# fire starters



## russv (Sep 21, 2009)

Seems like this time of year, it is more likely to hear about fires in the workshop. I personally have never met anyone first hand who experienced a fire. of those with first hand experience, what caused their fire? I guess I'm curious about what is the some of the most common fire starters. maybe knowing will help me (and others) to avoid the same traps.

so, who out there is part of the elite group of fire starters?

russv


----------



## GFYS (Nov 23, 2008)

The only fire I've had wasn't in the shop but in the back of my truck. I had some rags with thinner and poly and didn't want to leave them in the shop so I put them in a garbage bag with some other trash. I drove home for lunch and while I was eating I looked out the window and there were flames about 2-3 feet high in the bed of the truck.


----------



## russv (Sep 21, 2009)

that qualifies. we have a winner!

aren't you glad you didn't put off the clean up till AFTER lunch? lol

russv


----------



## GFYS (Nov 23, 2008)

I now keep a burn barrel outside the shop and put all combustable refuse there.


----------



## BlankMan (Mar 21, 2009)

I heard of that happening, spontaneous combustion to rags soaked with finishes. Happened to a guy I knew, he had them in a bucket in the attached garage, they caught it while it was still contained in the bucket.

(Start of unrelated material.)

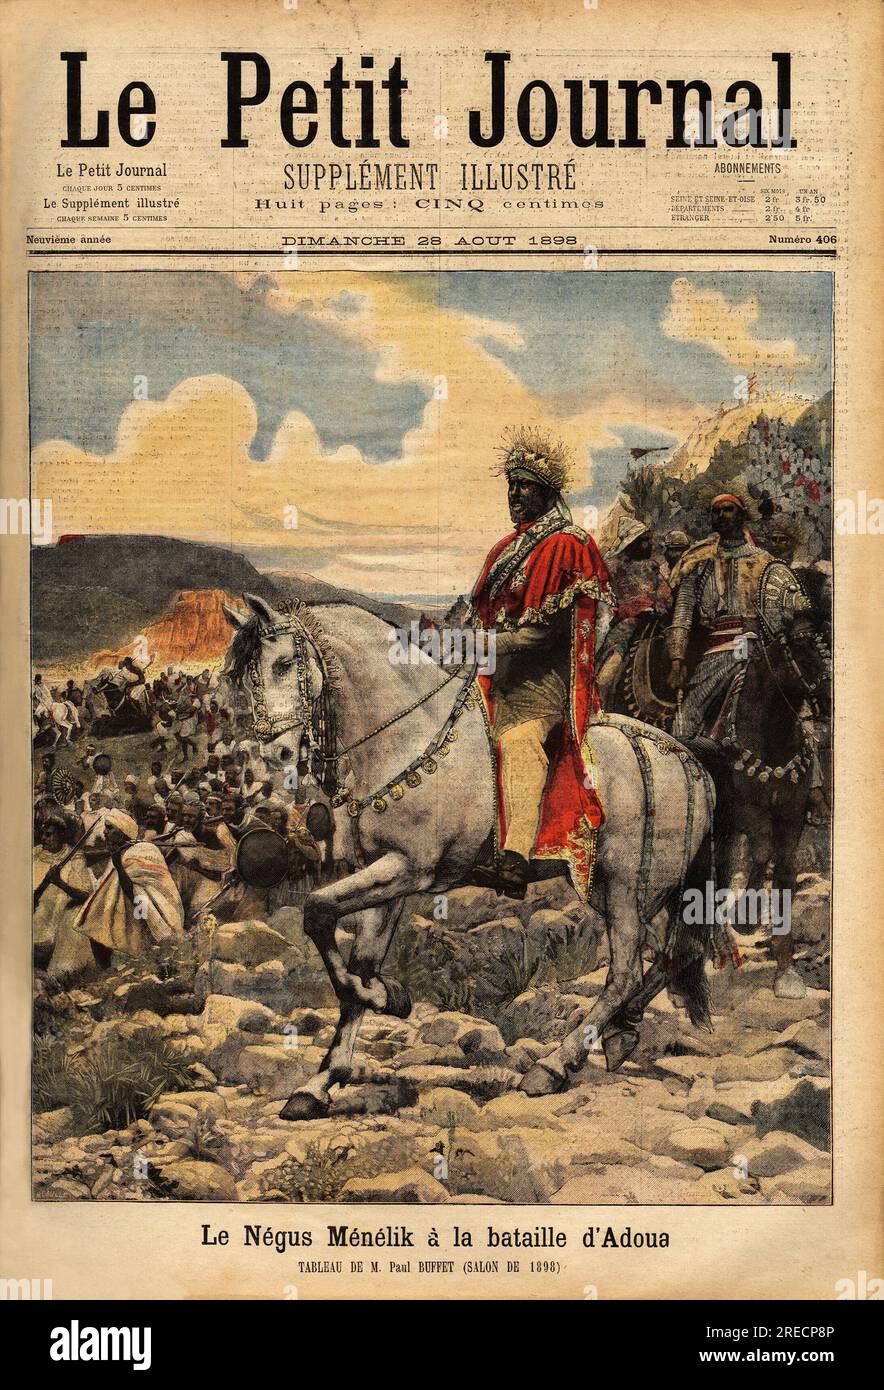 Le negus Menelik II ( 1844-1913) souverain d'ethiopie, vainqueur a la bataille d'Adoua en 1896, contre les troupes coloniales italiennes. Gravure in 'Le petit journal' 2881898.  . Stock Photo

But you got me thinking to today russv, after that thread on heaters. That friend of mind that just put that heater in his garage. Sawdust in the air while that thing is running. It's hanging from the ceiling and has power vent combustion so it's going to suck the stuff right in. I would think it would take a high concentration of dust but I don't know. I think I might mention that to him and suggest he get an air cleaner.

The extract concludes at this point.